### Dataset content
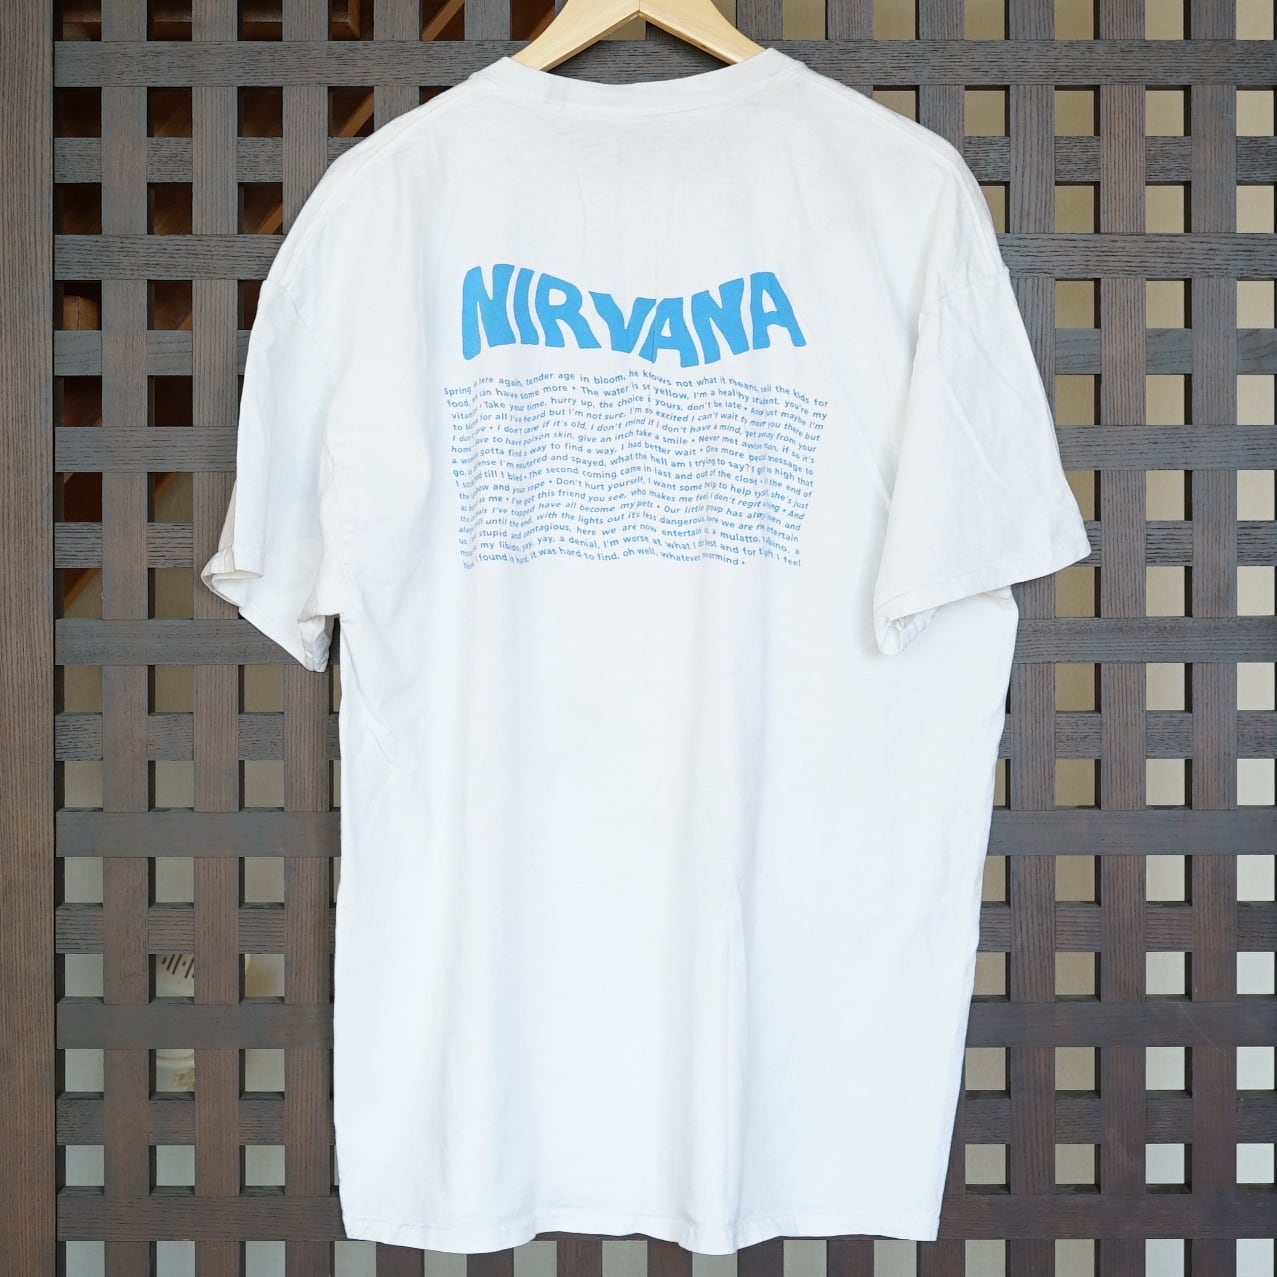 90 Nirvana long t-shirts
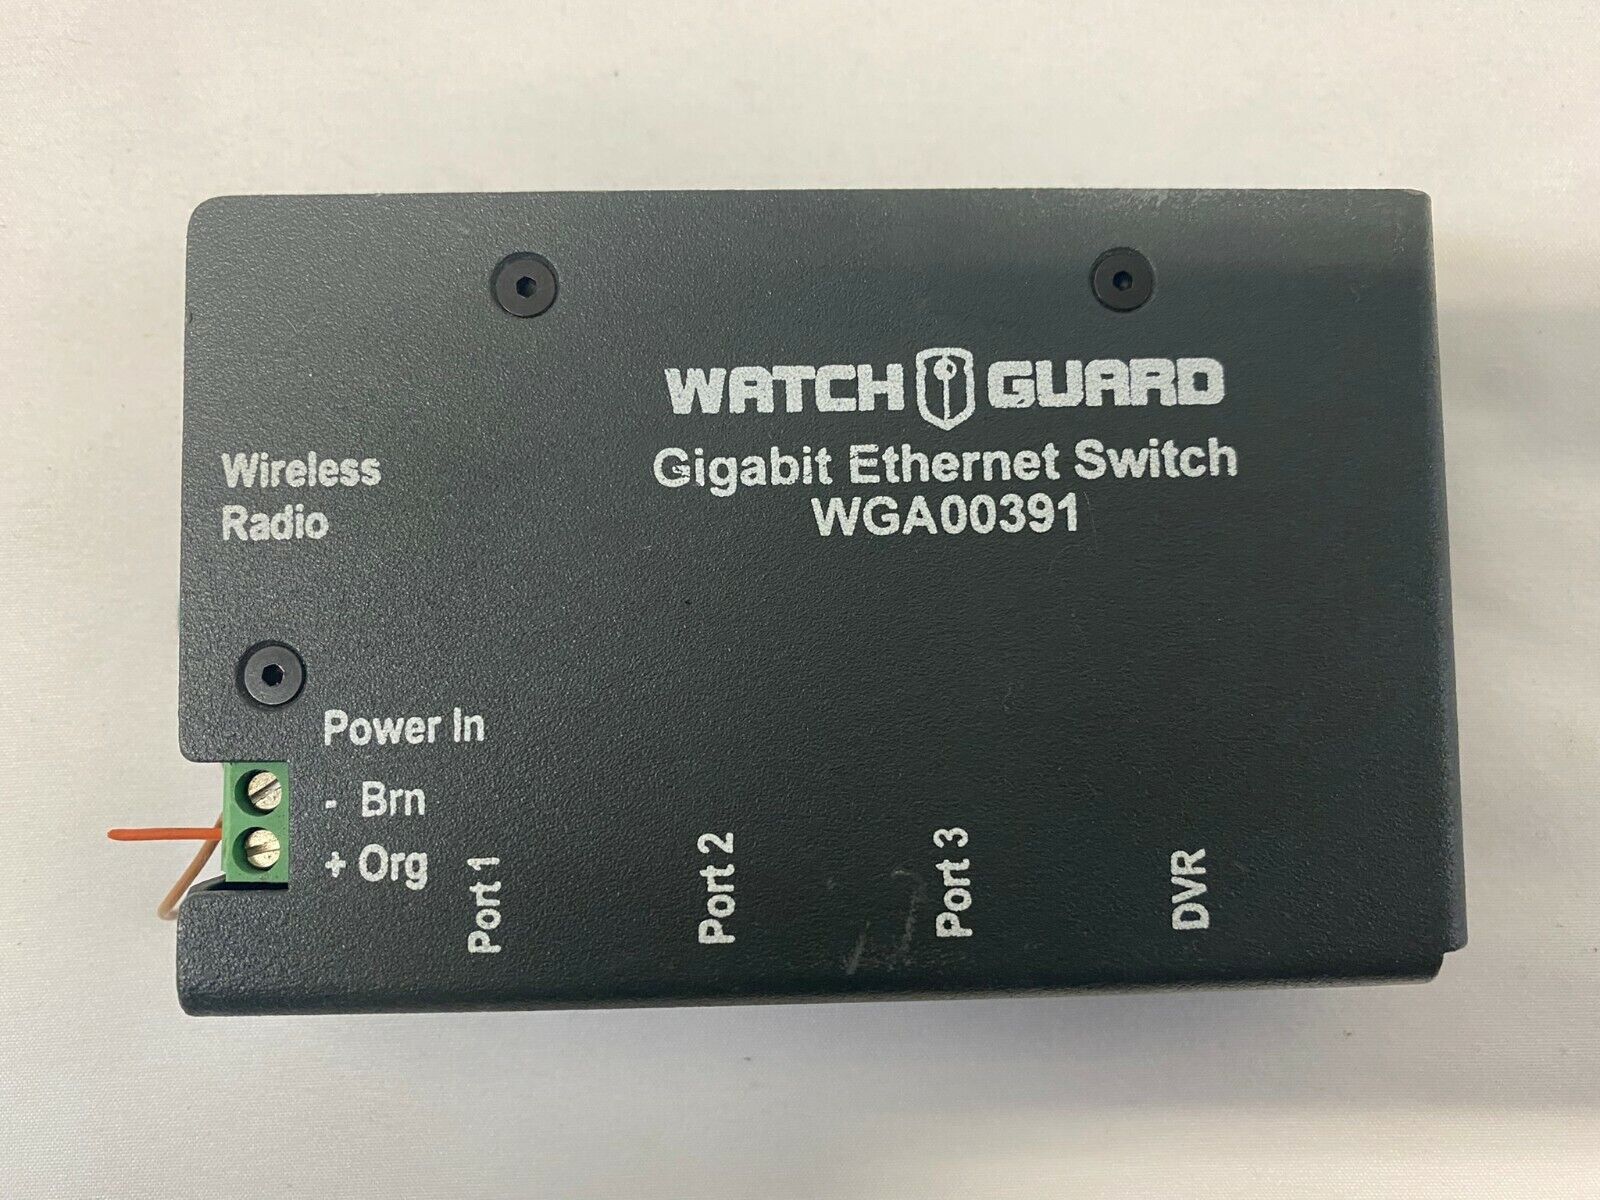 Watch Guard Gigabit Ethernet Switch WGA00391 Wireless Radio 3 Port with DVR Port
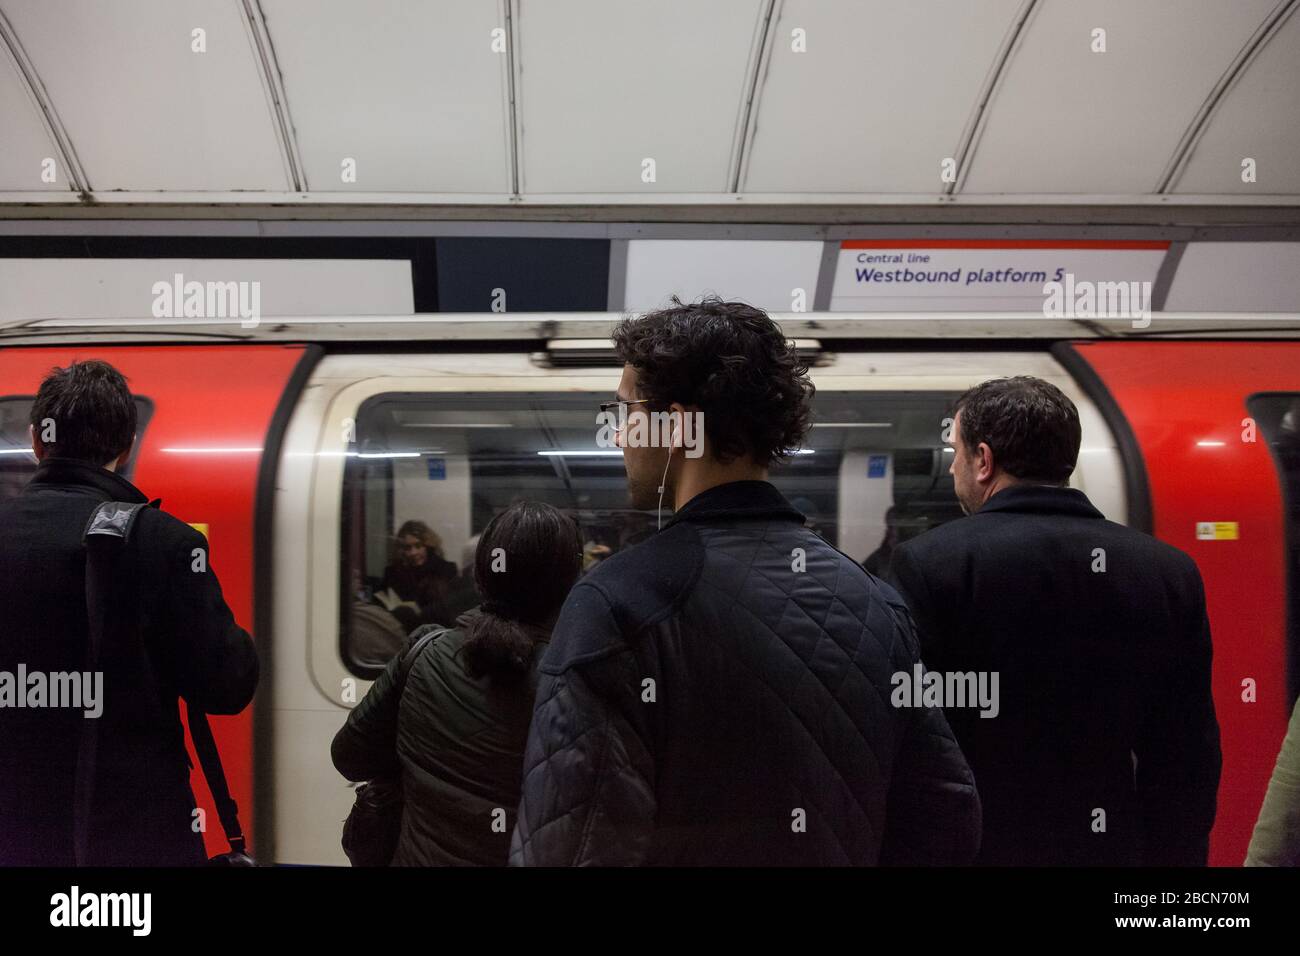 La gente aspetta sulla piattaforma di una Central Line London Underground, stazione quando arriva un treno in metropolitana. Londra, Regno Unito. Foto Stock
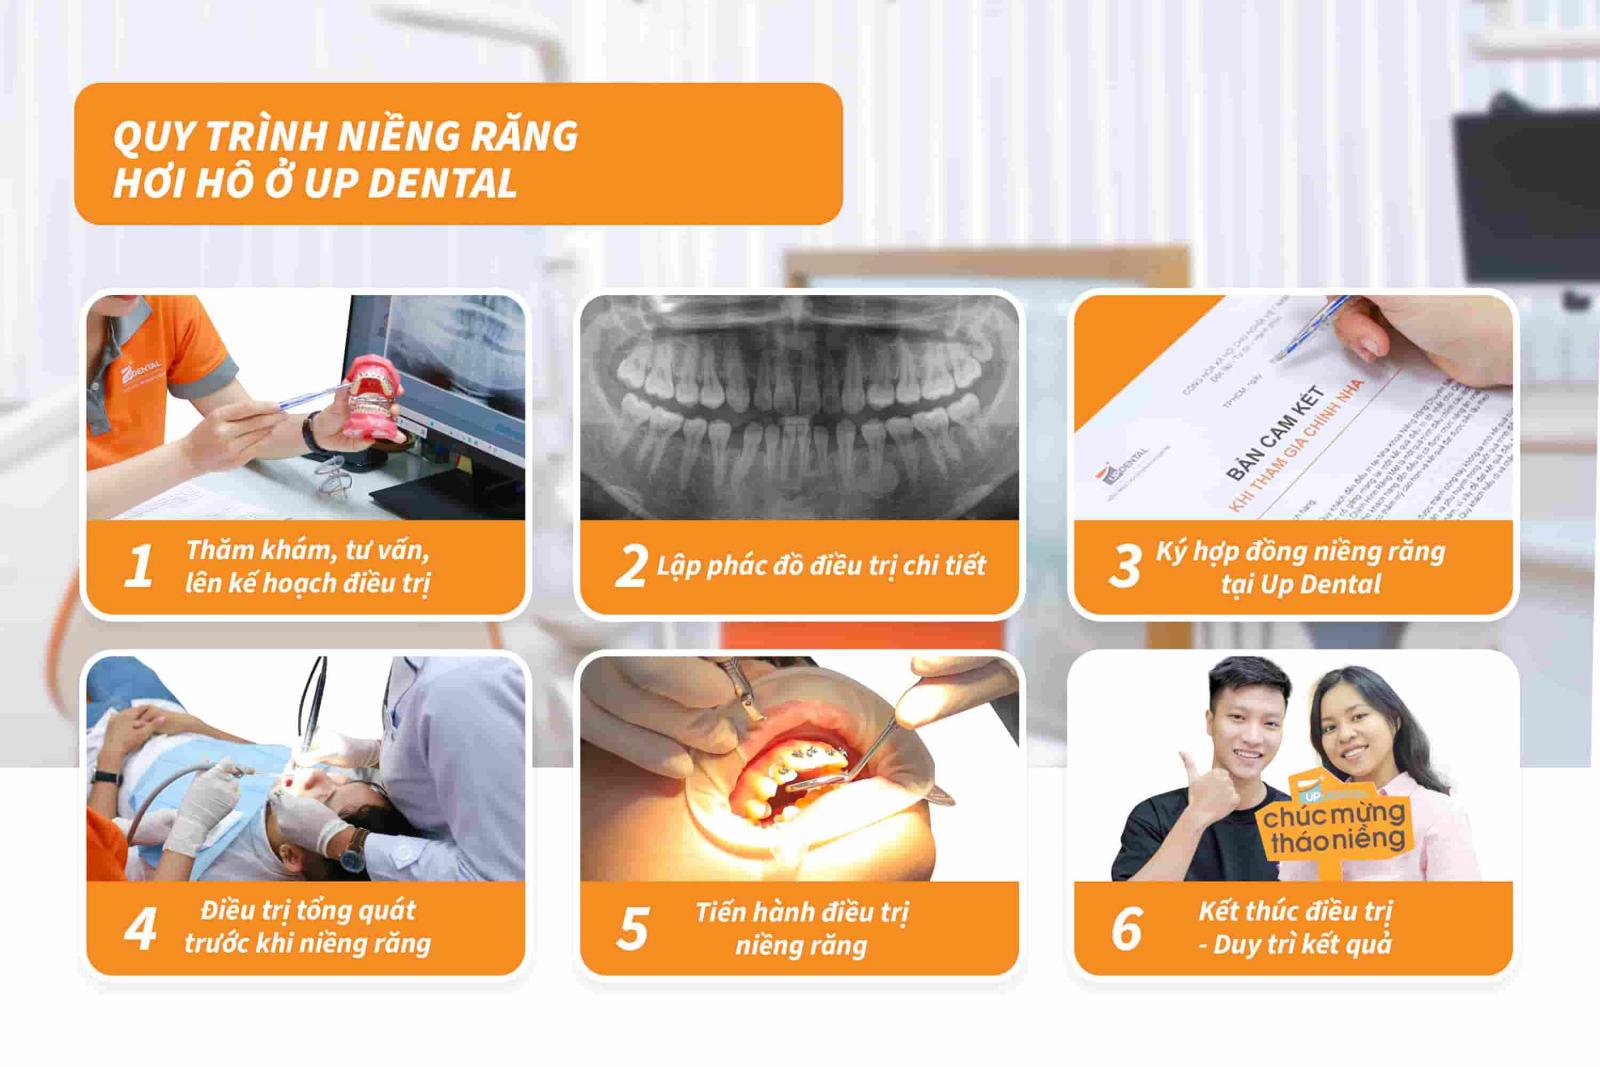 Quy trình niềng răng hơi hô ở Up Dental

### Your task
Each line of the data must be restated exactly, and the pictures must be left out.

### Solution to the problem
 90 Nirvana long t-shirts
 Watch Guard Gigabit Ethernet Switch WGA00391 Wireless Radio 3 Port with DVR Port
 La gente aspetta sulla piattaforma di una Central Line London Underground, stazione quando arriva un treno in metropolitana. Londra, Regno Unito. Foto Stock
 Quy trình niềng răng hơi hô ở Up Dental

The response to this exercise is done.